Enhancing Workplace Safety in the Manufacturing Industry with AI

The world of work is in a constant state of evolution. Failing to keep up with technological advancements can put organizations and individuals at a disadvantage.

September 17, 2023
4 mins
Enhancing Workplace Safety in the Manufacturing Industry with AI

Adapting to Changing Work Environments:

The world of work is in a constant state of evolution. Failing to keep up with technological advancements can put organizations and individuals at a disadvantage. Consider the automotive industry in the 1980s: those manufacturers that embraced assembly robots outperformed those heavily reliant on human labor. Robots offered speed and safety, allowing humans to focus on tasks where they excelled. Successful manufacturers leverage technology for automation, relying on a smaller, skilled workforce to oversee operations and address issues promptly.
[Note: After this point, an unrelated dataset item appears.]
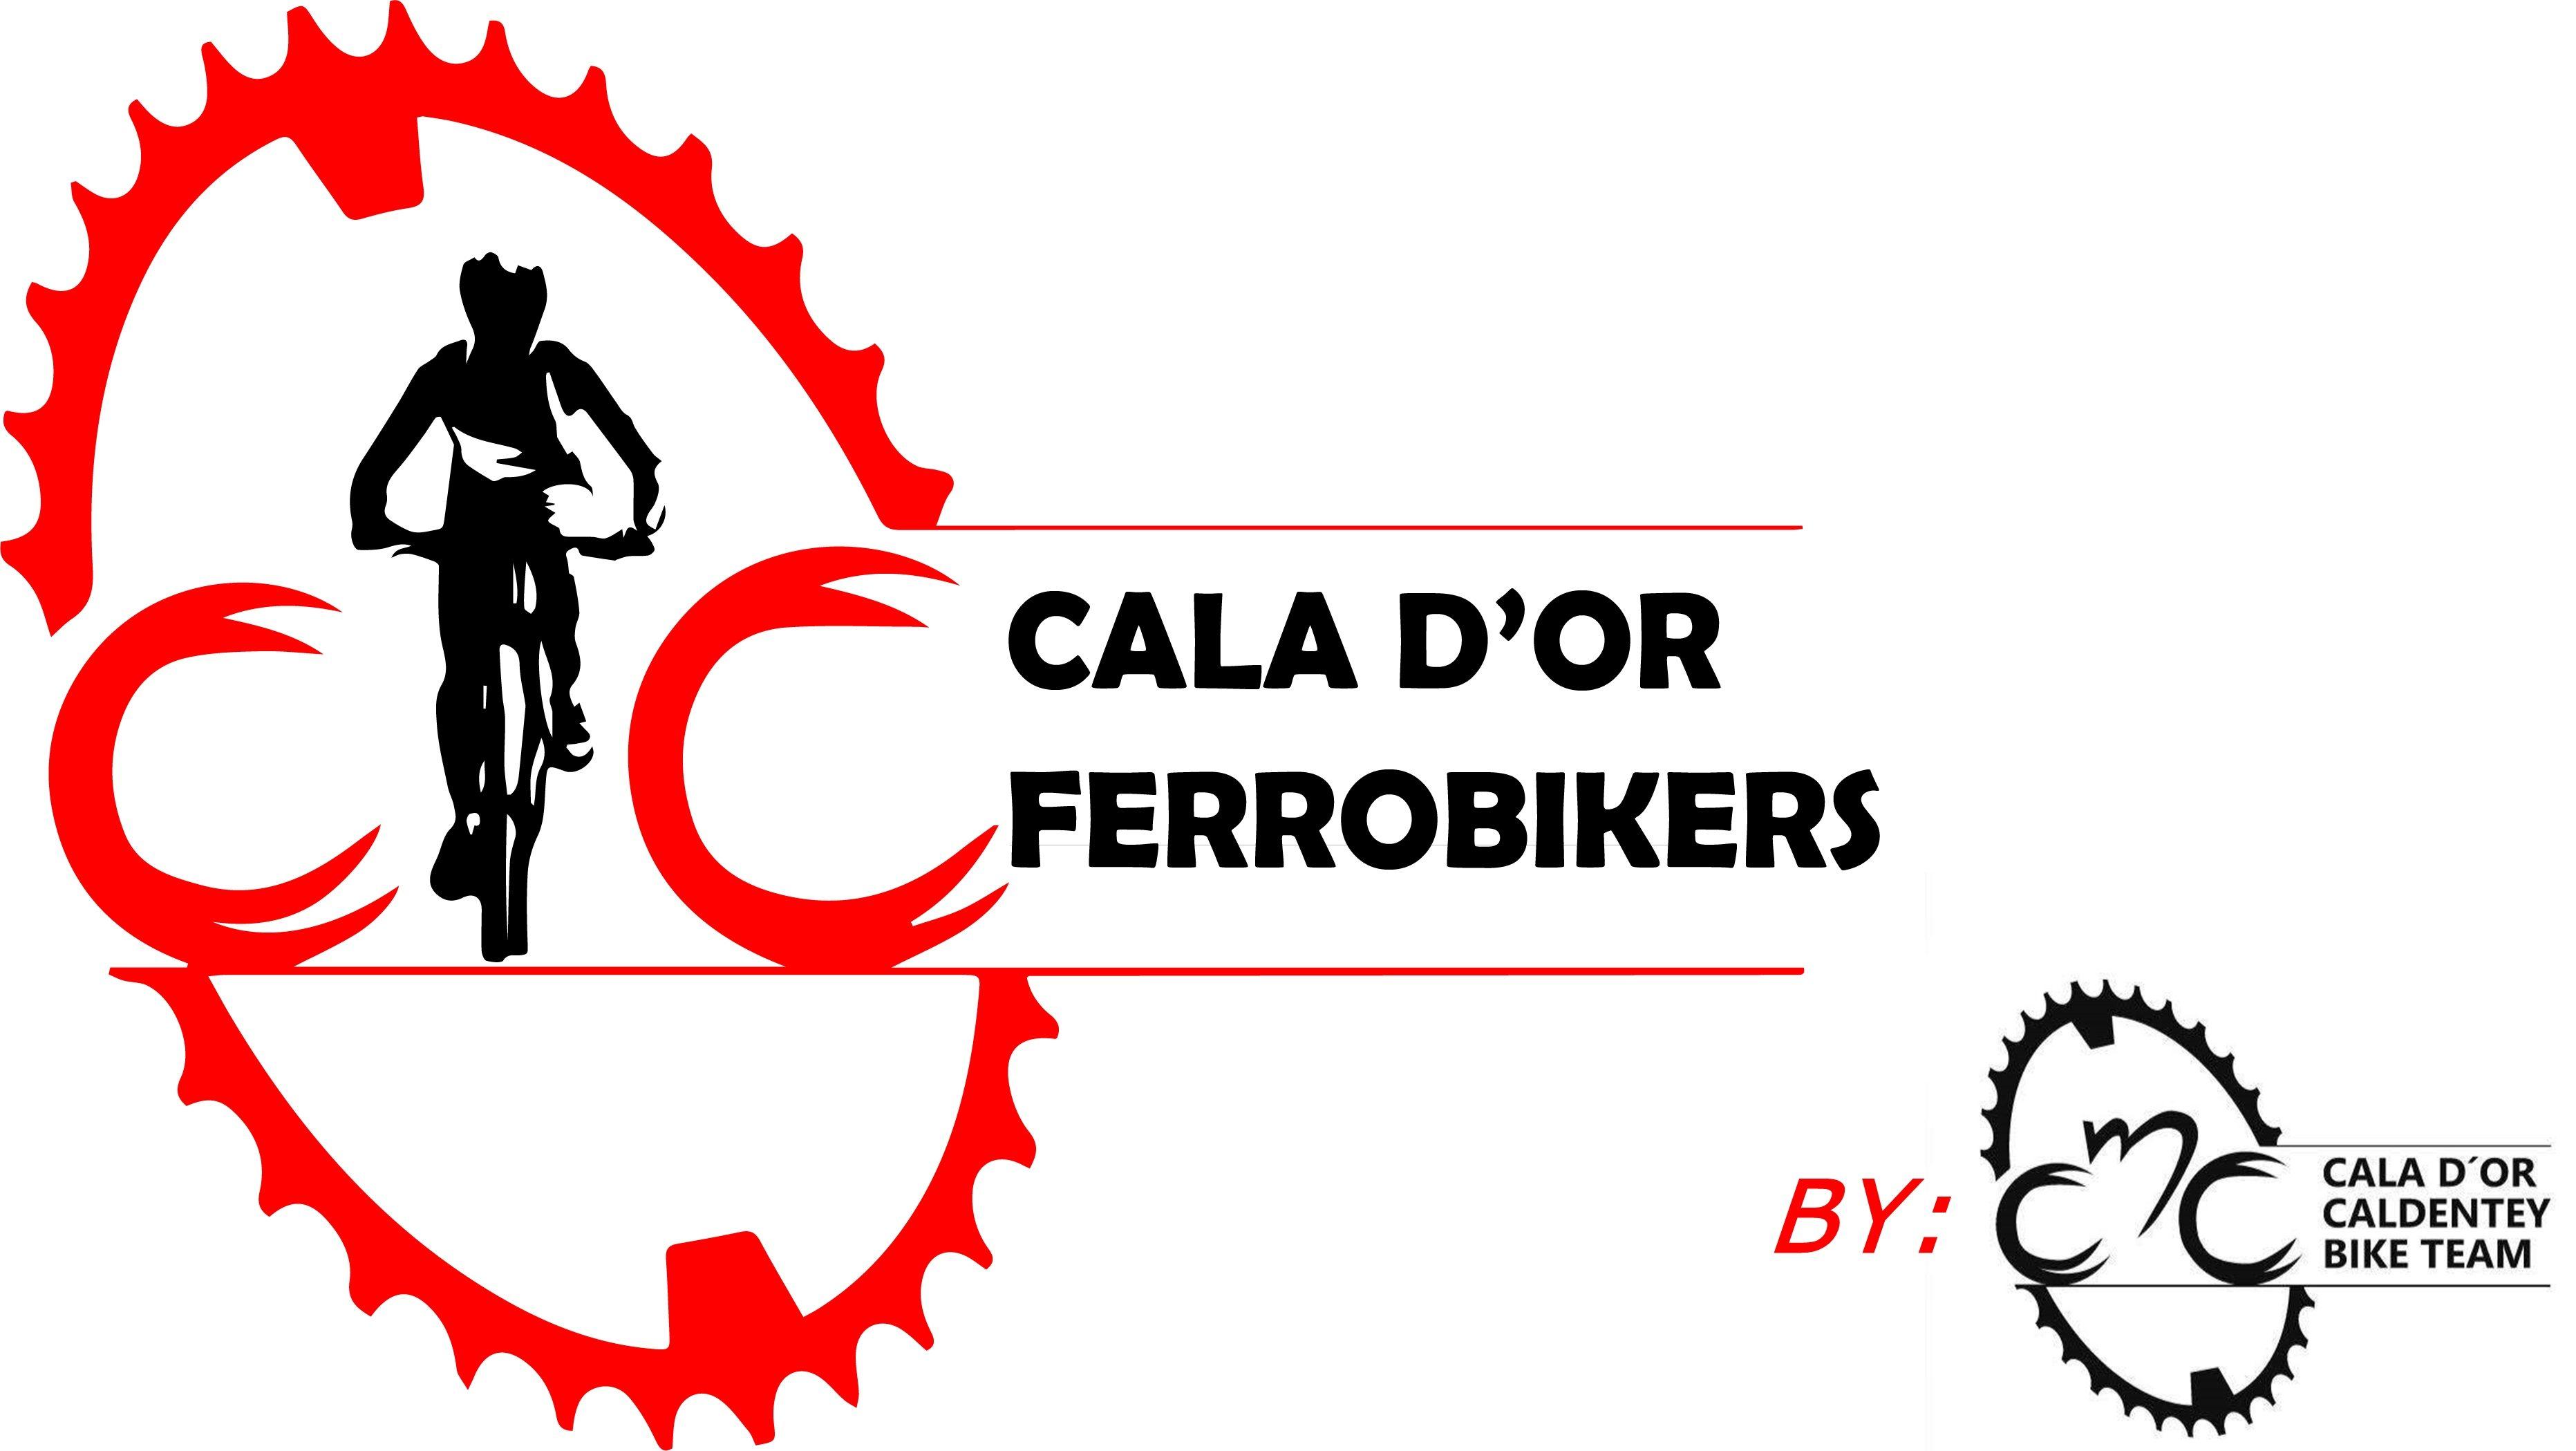 cala d'or ferrobikers

Safeguarding Equipment and Personnel:

In manufacturing, machinery must be accessible for maintenance, yet inoperative to prevent accidents. Interlocks play a pivotal role in equipment safety. When a guard is lifted, a door opened, or a light curtain breached, the machinery halts until the guard is secured or the door closed. In some cases, machinery cannot be accessed until it's de-energized and isolated.

Consequences of Safety Breaches:

Despite safety measures, injuries, including amputations, occur annually due to interlock tampering or circumvention. Some opt for maintenance while machinery is operational, a hazardous practice that may lead to equipment damage, production delays, and penalties. In certain instances, people find unauthorized means, bypassing interlocks or accessing machinery through "backdoors."

Manufacturing accidents result in lifelong disabilities, financial penalties, legal investigations, and damage to an organization's reputation. In one accident, an engineer at a packaging manufacturer went inside a fixed perimeter machine guard and closed the interlock gate from the inside. He asked someone to switch the machine back on. His sleeve was drawn into the machine, and his hand was amputated. Although it was reattached, he hasn’t regained full control of the hand and continues to suffer pain. After the accident, the regulator wouldn’t let the machinery be used for two days while they investigated – that’s lost time, lost production, and lost confidence from clients due to delayed orders. 18 months after the accident, the company was fined £115,000. There was evidence that this procedure had been allowed on multiple previous occasions, so the company was considered at fault.

A Safer Future with Proactive Safety:

To mitigate such risks and legal repercussions, proactive safety measures are crucial. A system that highlighted these infringements and maintained a record, along with explanations for staff about the dangers, could have served as a defense against prosecution. Ideally, it might have even prevented the accident altogether.

But how much time would the safety team need to detect such incidents and pinpoint their locations? They can't dedicate their entire day to monitoring a single type of hazard.

An alternative solution is to invest in an AI-driven computer vision system like Protex AI. With this technology, you can establish rules to identify when individuals enter restricted areas, such as inside interlocked gates or behind production lines. Safety staff can then review data from multiple production lines in a single afternoon, rather than spending days on each one. This allows them to pinpoint where issues are arising and collaborate with workers to eliminate the need for unauthorized and hazardous shortcuts.